La générosité du Bangladesh

L'Envoyée spéciale du Secrétaire général des Nations Unies pour le Myanmar, Noeleen Heyzer, a quant à elle déclaré, lors d’une mission de quatre jours au Bangladesh pour souligner cet anniversaire poignant, qu’il ne fallait pas « laisser cette crise sombrer dans l'oubli ».

Au cours de « discussions productives », l’Envoyée a remercié la Première ministre du Bangladesh Sheikh Hasina pour son leadership et exprimé la profonde gratitude des Nations Unies envers le peuple et le gouvernement du Bangladesh pour leur immense contribution.

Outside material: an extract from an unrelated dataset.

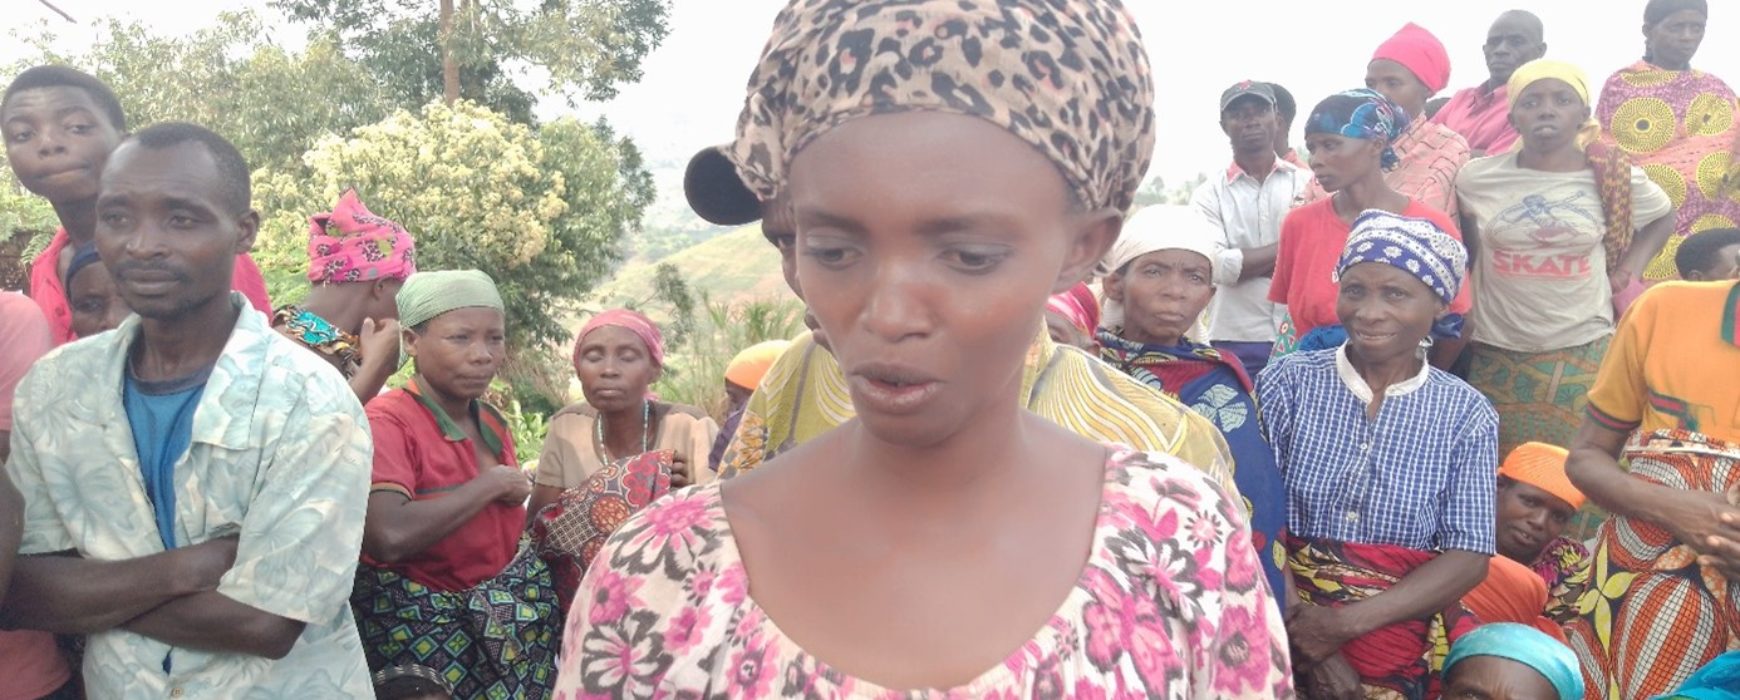 PRRPB: Women and land rights in Burundi

« La générosité du Bangladesh et des communautés d'accueil à l'égard des réfugiés rohingyas, au moment où ils en ont besoin, traduit le besoin crucial d'un plus grand engagement international et régional pour partager la charge, et pour veiller à ce que les Rohingyas ne soient pas oubliés », a déclaré l'Envoyée spéciale.

« Je continuerai à plaider en faveur d'un plus grand leadership des pays de la région pour soutenir le Bangladesh et tirer parti de leur influence auprès du Myanmar, afin de créer des conditions propices à un retour volontaire, sûr et digne des réfugiés. »

La haute responsable a souligné que les Rohingyas continuaient d'entreprendre de périlleux voyages terrestres et maritimes s’exposant à l'exploitation criminelle, notamment la traite des êtres humains et la violence sexiste. Elle a aussi insisté sur le fait qu'il incombait en dernier ressort au Myanmar d'établir des conditions propices au retour volontaire, sûr, digne et durable au Myanmar de tous les réfugiés et des personnes déplacées de force.

La répression contre les civils s’intensifie au Myanmar

S'exprimant à Genève, la Haut-Commissaire des Nations Unies aux droits de l'homme (HCDH), Michelle Bachelet, a déclaré que les forces Tatmadaw du Myanmar avaient maintenu et même intensifié leurs opérations contre les civils dans les zones résidentielles des régions du sud-est, du nord-ouest et du centre, 18 mois après avoir renversé le gouvernement démocratiquement élu.

Le recours à la force aérienne et à l'artillerie contre les villages et les zones résidentielles s'est « intensifié », a déclaré la cheffe des droits de l'homme des Nations Unies, tout en prévenant que les récentes flambées de violence dans l’État de Rakhine - ancien foyer historique de l'ethnie rohingya - pourraient perturber le calme relatif de la région. La dernière zone relativement stable du pays pourrait ne pas pouvoir éviter une résurgence du conflit armé, a ajouté Mme Bachelet.

Les communautés rohingyas ont souvent été prises en étau entre le Tatmadaw et les combattants rebelles de l'Armée d'Arakan ou alors directement visées par des opérations.

Plus de 14 millions de personnes en tout ont besoin d'une aide humanitaire dans le pays, selon le HCDH.